Horwath wants the inquiry to consider a broader range of issues in long-term-care facilities, such as staffing levels, funding, waiting lists and resident-on-resident violence.

“I think it’s really evident that the long-term-care system is in crisis mode and has been for a long time. We need to expand that public inquiry to ensure that these incidents are dealt with, but also to shine a brighter light on the whole system,” Horwath said. “I haven’t talked to a single person who thinks the system works well.”

The Ministry of Attorney General is the lead on the inquiry, the

parameters for which have yet to be announced.

“It’s not simply a matter of pointing a finger and saying, ‘It’s the staff,’ ” Howath said.

“Everywhere I go, I hear that staff are just run off their feet.”

More technology is not necessaril­y the answer, she said. The camera in Karam’s room had been placed with the knowledge of the staff in his long-term-care home.

“You can add all the cameras in the world, and you’ll still have rogue situations. The camera didn’t stop it from happening,” Horwath said.

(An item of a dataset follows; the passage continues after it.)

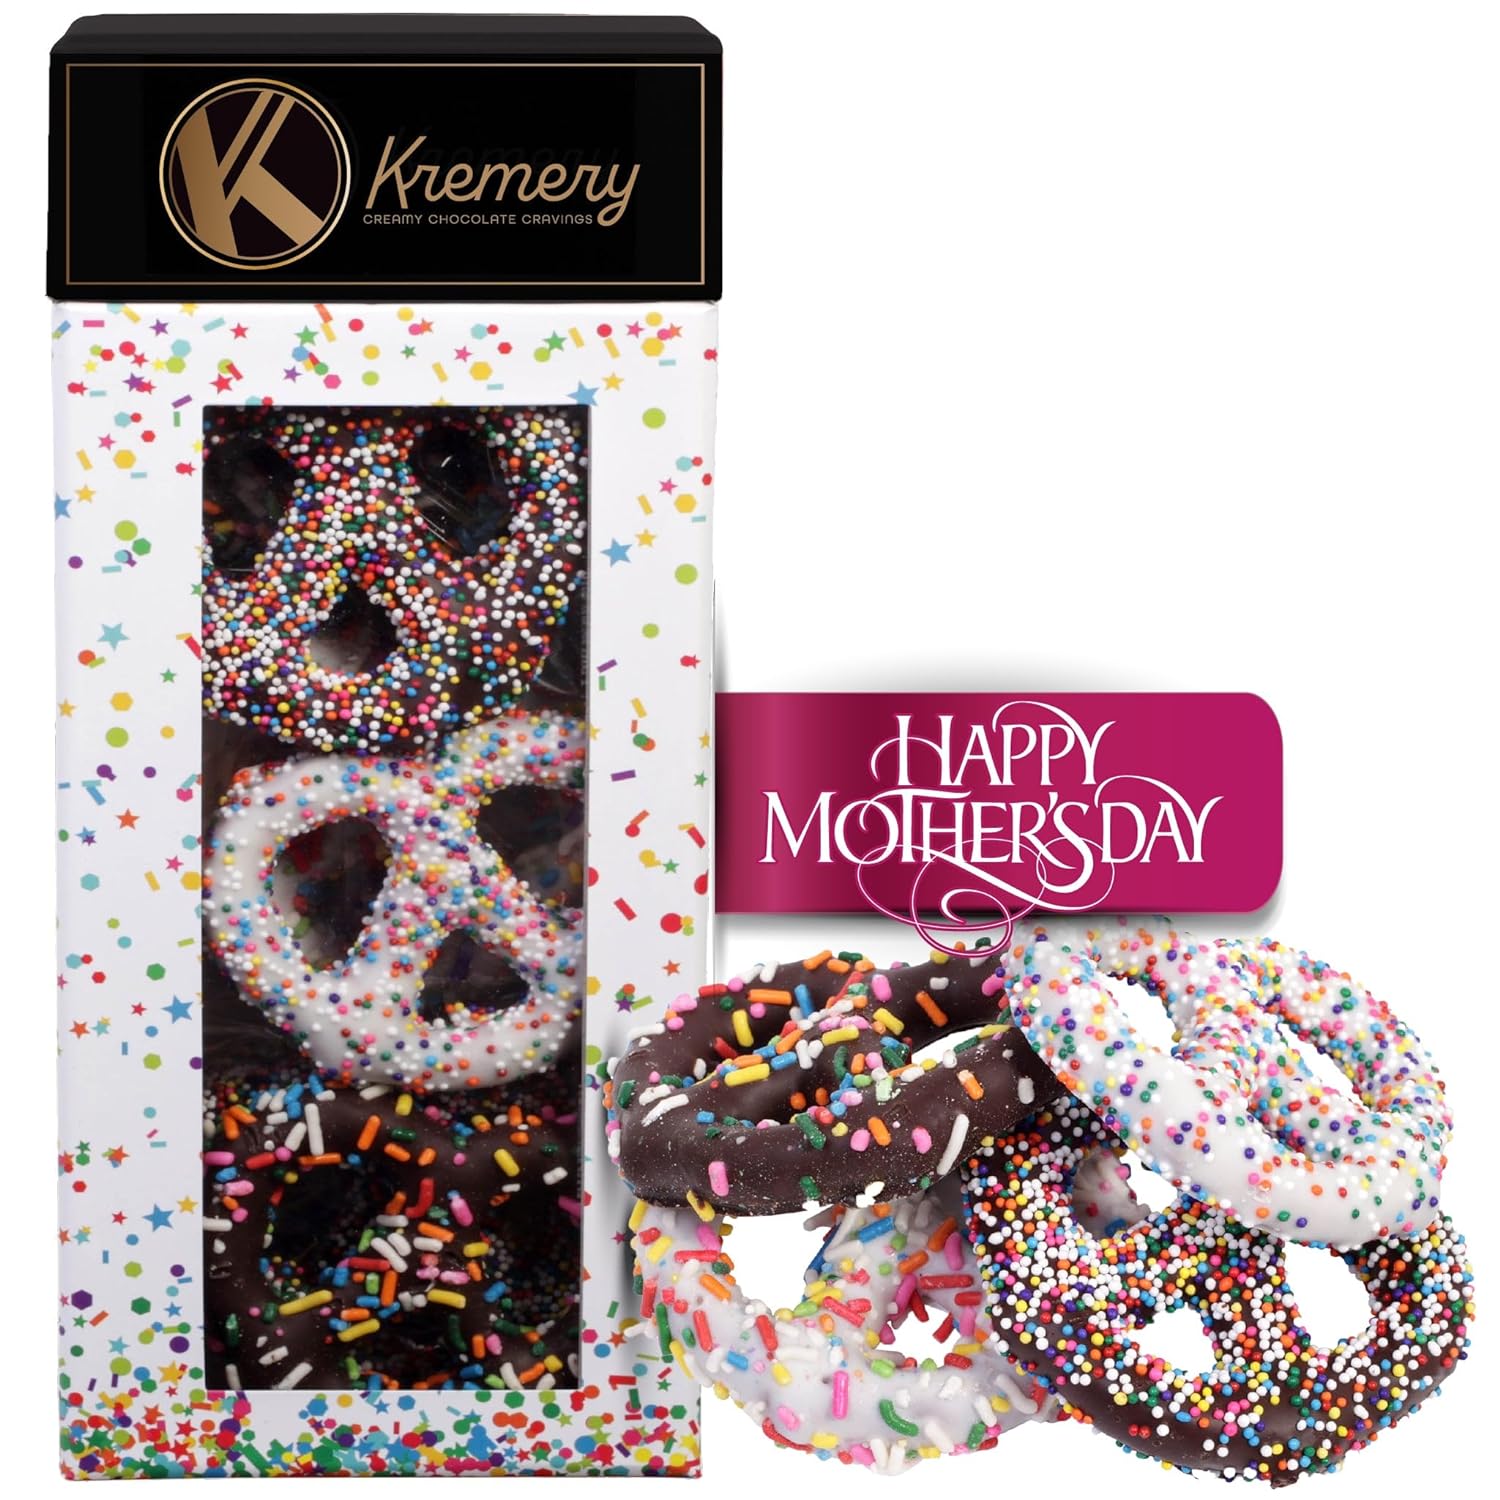 KREMERY Creamy Chocolate Cravings - Mothers Day Chocolate Covered Pretzel Twists Gift Basket in Confetti Tower, Assorted Candy Toppings (12 Count) Birthday Care Package - Kosher Dairy USA Made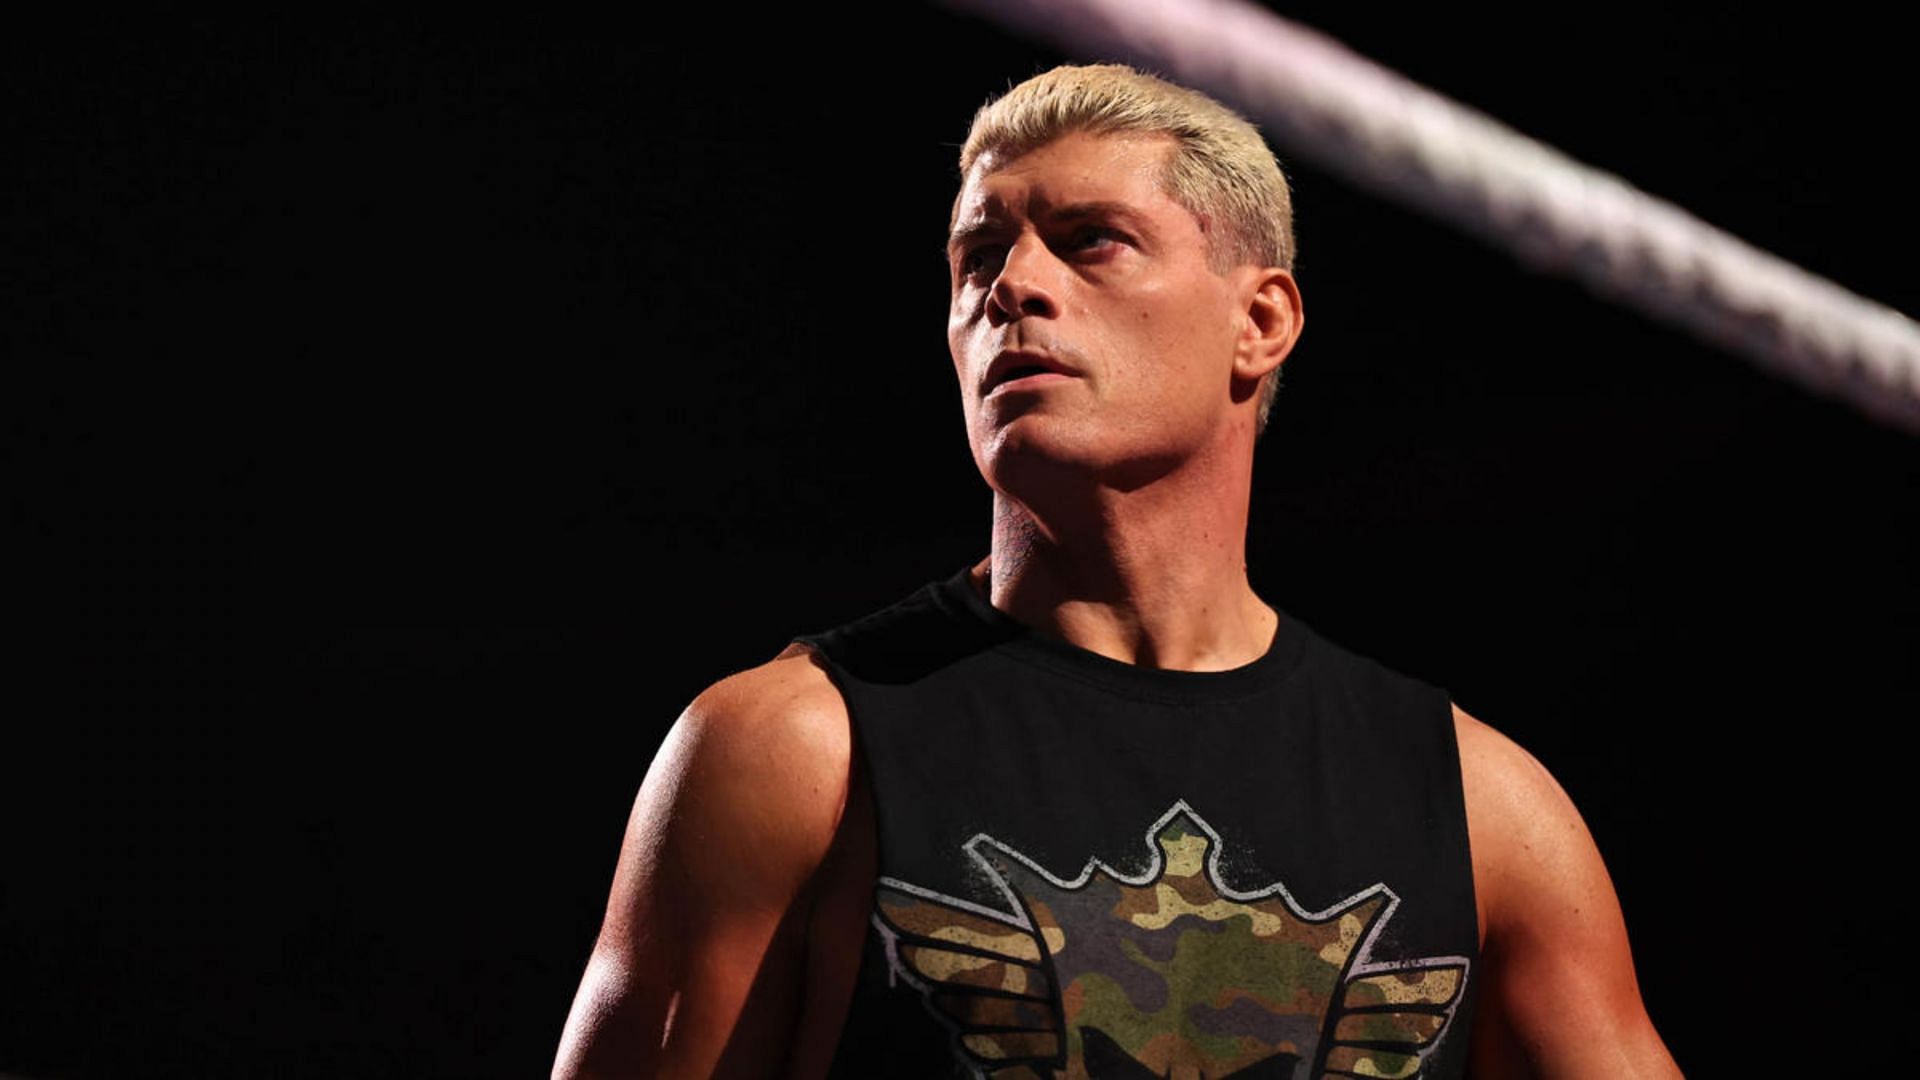 Who will Cody Rhodes face at WWE WrestleMania 40?

Ferrier said many long-termcare facilities already have cameras in common areas such as halls and lounges. She is in favour of cameras in every room. “If you have nothing to hide, you should have nothing to fear. But it should be up to the family,” she said.

Webb pointed out that there are privacy issues around cameras in private areas, and any plan to put a camera in every room without the consent of the resident or their decision-maker would likely lead to a Charter of Rights and Freedoms challenge.

“This is the home of the resident. It would be like putting a camera in every bedroom in every home.”